Don José Maria spent the first fifteen years of his priestly life in conventional pastoral work, but with a heavy emphasis on formation of youth. Distressed by continuing unemployment and the erosion of community through outmigration of the young, he set up a technical trade school and organized student study groups to discuss world problems. For Don José Maria, ideas had to be tested by action in the real world. The consuming passion of his life became understanding the real world to change it for the better.
His pragmatic philosophy was influenced by his involvement with the Young Christian Worker movement, with its motto of "See, judge and act." While he valued the principles of the church's social teaching, he found it too general and abstract to be useful in practice. He also became critical of the personalist thinker Emmanuel Mounier who, without testing the idea in the real world, said that a humanistic cooperative business complex could succeed only in a noncapitalist society. At Mondragon, he was instrumental in building an extraordinary alternative economic and social order that proved Mounier wrong.
In the mid-1950s, five of Don José Maria's students whom he had assisted through engineering school came back to Mondragon determined to help their region survive. Don José Maria gladly became their mentor and for the next twenty years, until his death in 1976, their collaboration gave plenty of scope for the interplay of thought and action he so cherished.
In 1956, the team of five set up a stove factory. To raise money for the project they established their own bank and asked Basques to use it so that their savings could support local industry. Don José Maria explained that the big national banks from Madrid would certainly take Basque money but would not see it as their mission to invest in the local economy. If the Basques wanted to develop manufacturing and keep their youth at home, they should bank at the Caja Laboral Popular: savings not suitcases.

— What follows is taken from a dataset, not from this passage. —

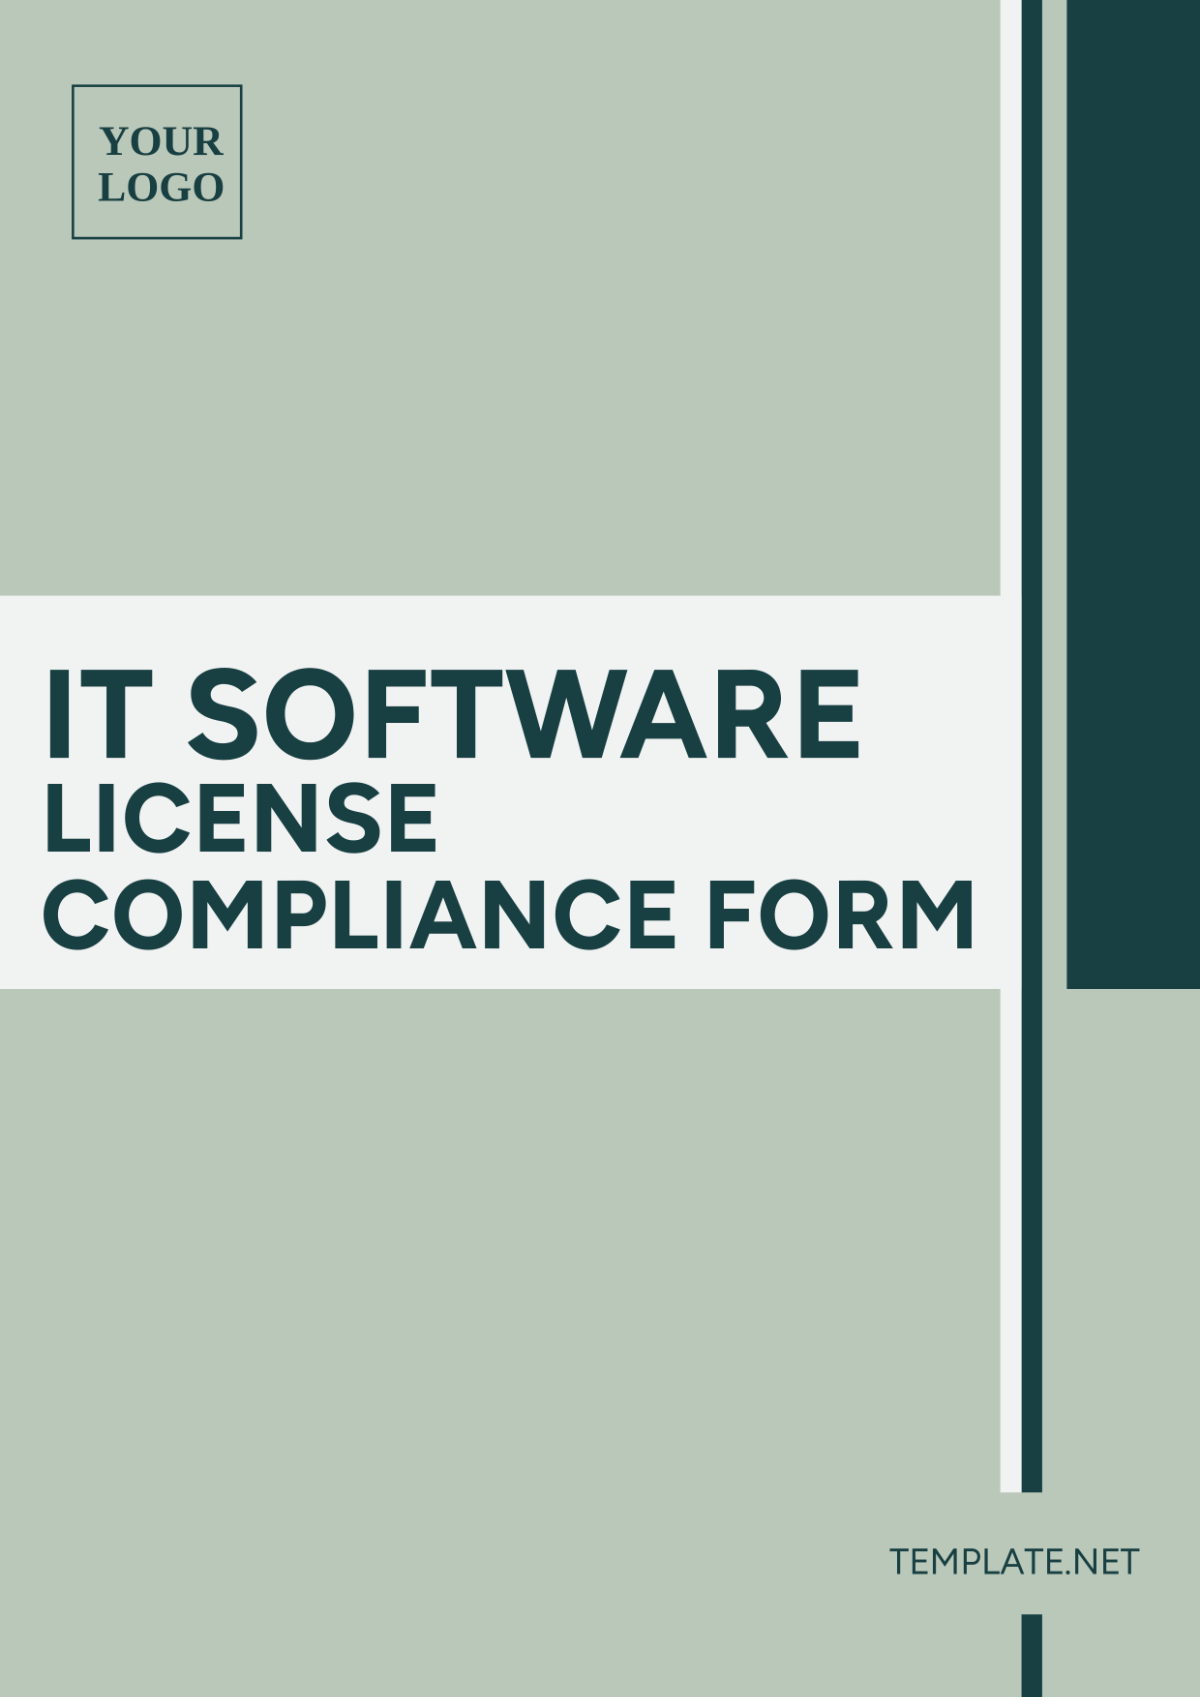 IT Software License Compliance Form Template

In the Mondragon system, profits go to the worker-owners and to community purposes such as the social fund and the capital fund. This last is vital because every successful enterprise thus contributes capital for new projects. Another principle requires every new enterprise to remain part of the economic whole, which now includes not only businesses but also the bank, a university and a research centre. The trade school developed into a polytechnical institute with emphasis on high-tech training. Aware that Hitler's superior technology had won the war for Franco, Don José Maria was convinced that whoever controlled the best technology would decide the future. When technology makes workers in one enterprise redundant, they can transfer to another. In 1995 the Mondragon complex had more than $10 billion in assets and more than 28,000 workers.

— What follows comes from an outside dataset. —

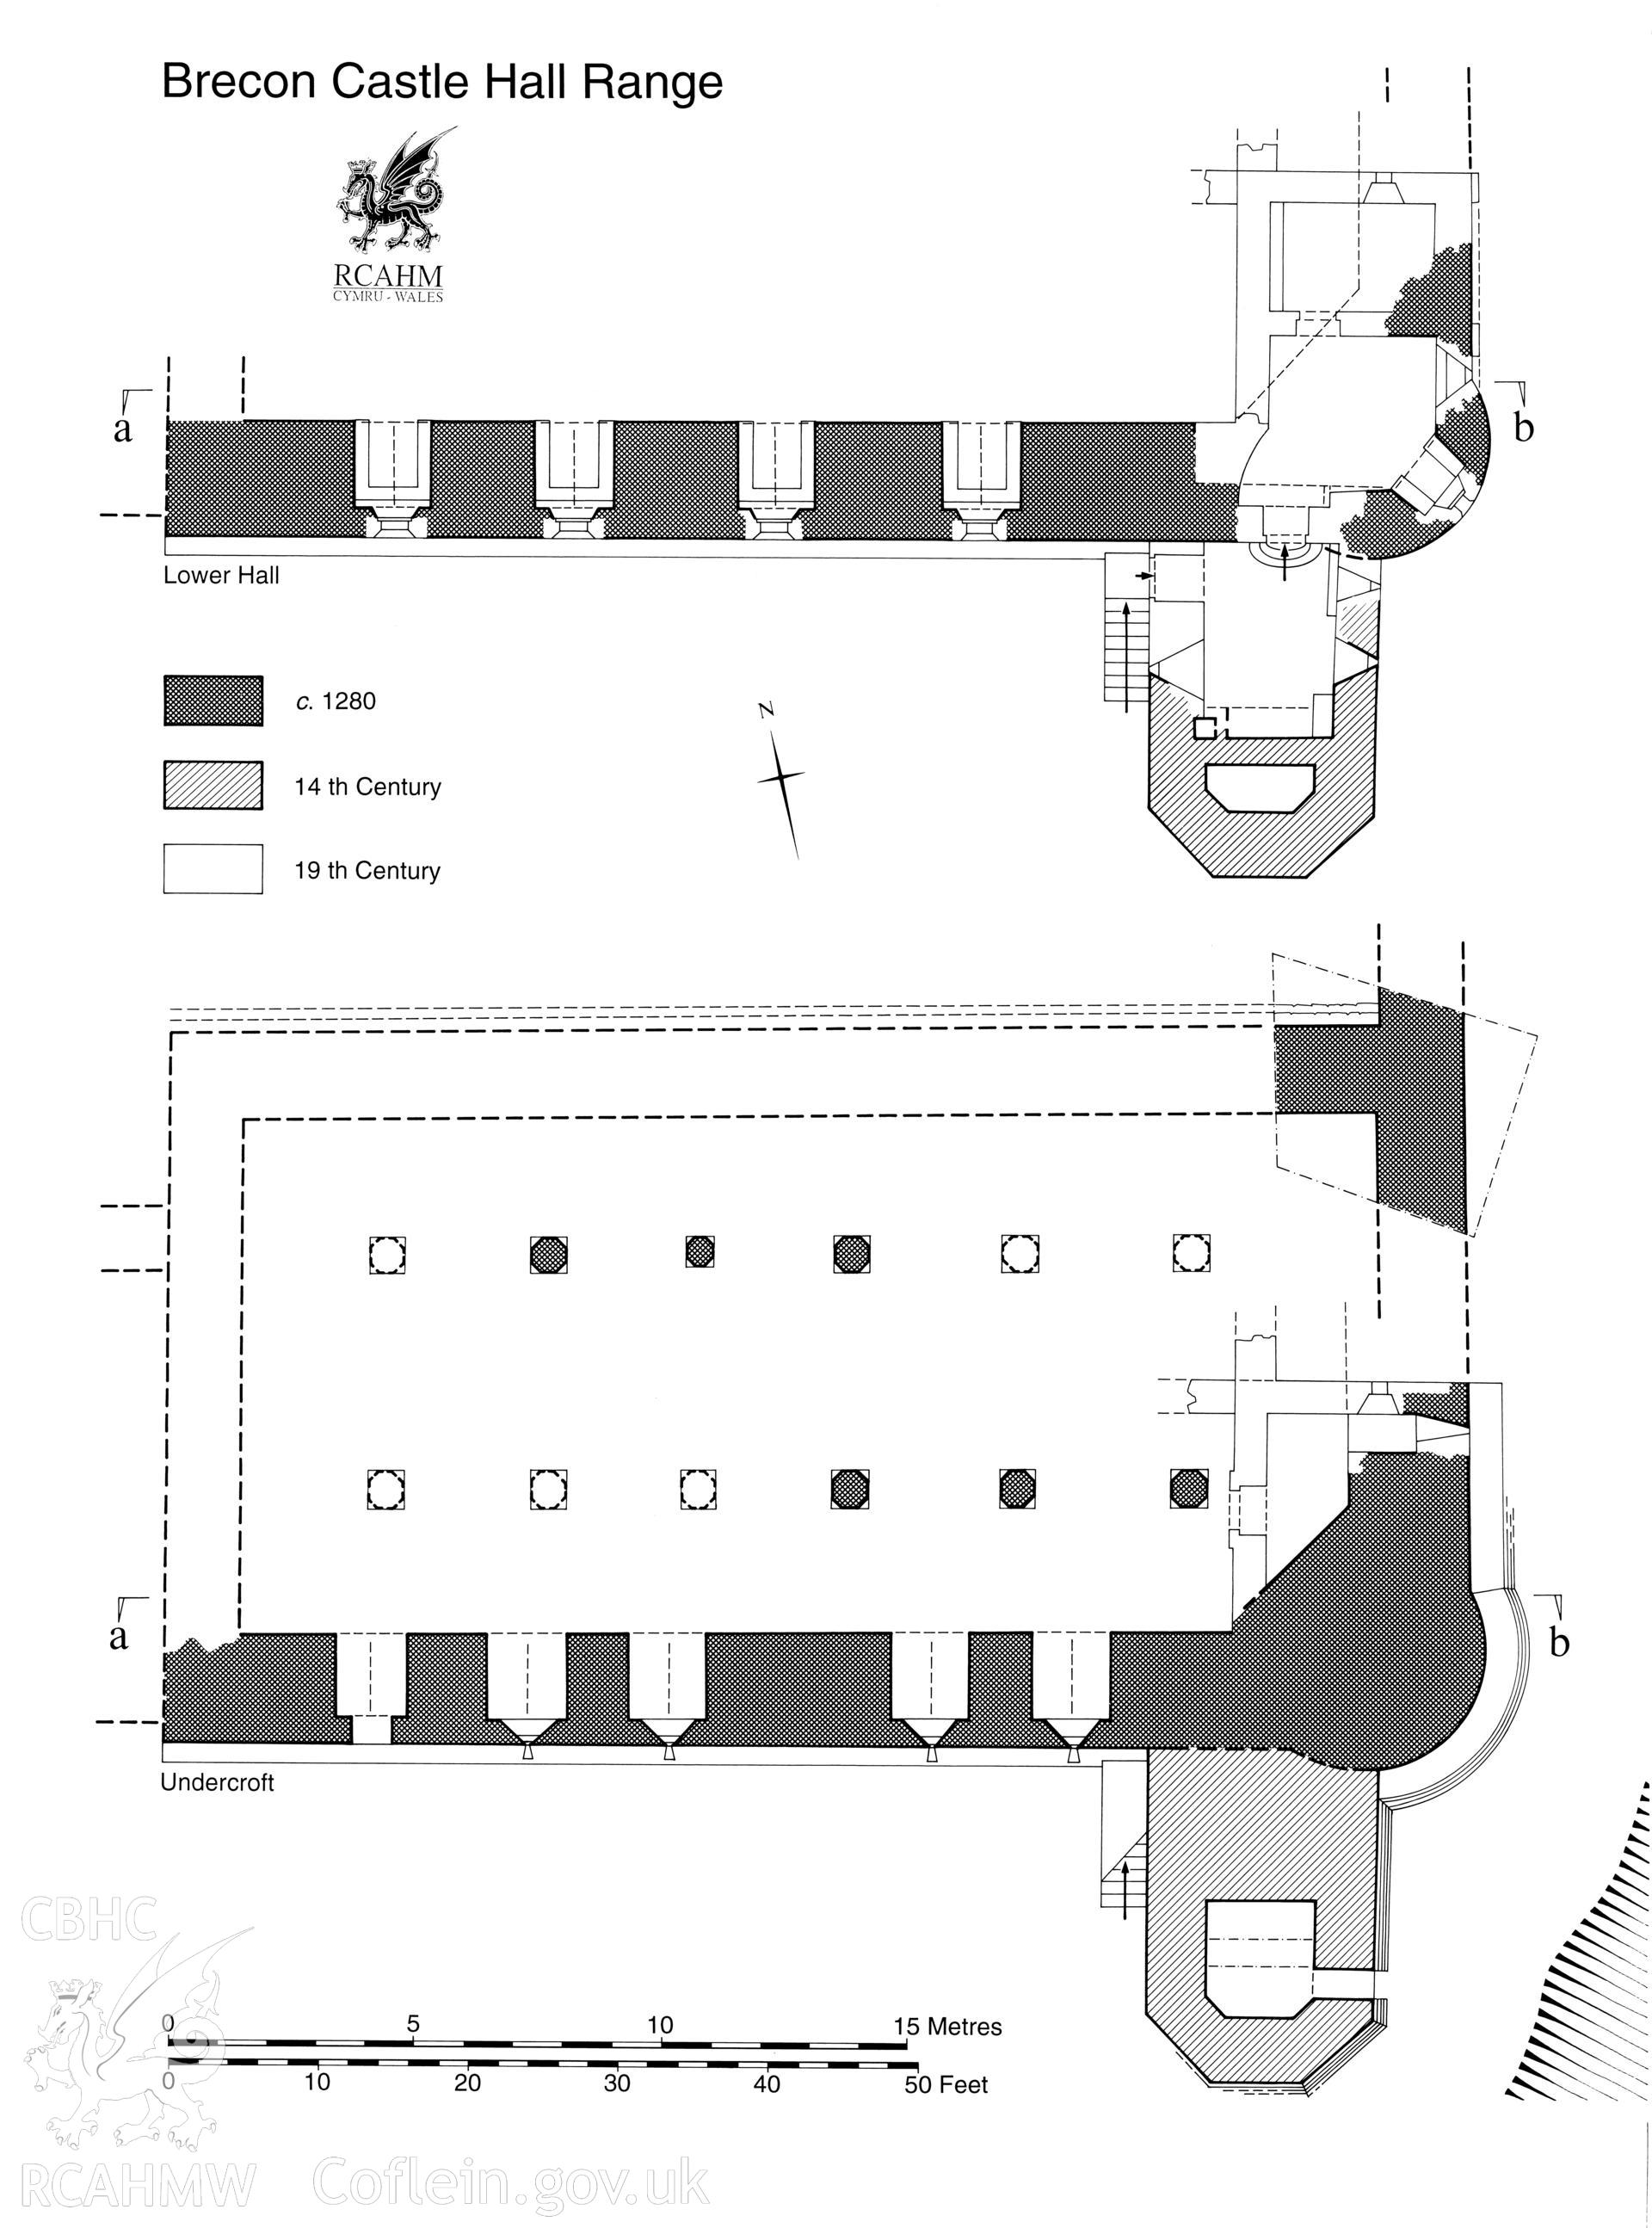 Measured plan of the hall range at Brecon Castle showing building development, produced by RCAHMW

For Don José Maria, economics was not merely number-crunching but a way of living together in society, a way that put Gospel values into the marketplace and factory. His open support for a new and reformed social order drew fire from his fellow clergy, many of whom were content with passivity towards economic problems. At a meeting where they charged him with worldliness, he pointedly asked, "If the Gospel does not apply to the economy, then to what does it apply?" Because he acted in the world he had, not an ideal or fantasized one, Don José Maria effected change.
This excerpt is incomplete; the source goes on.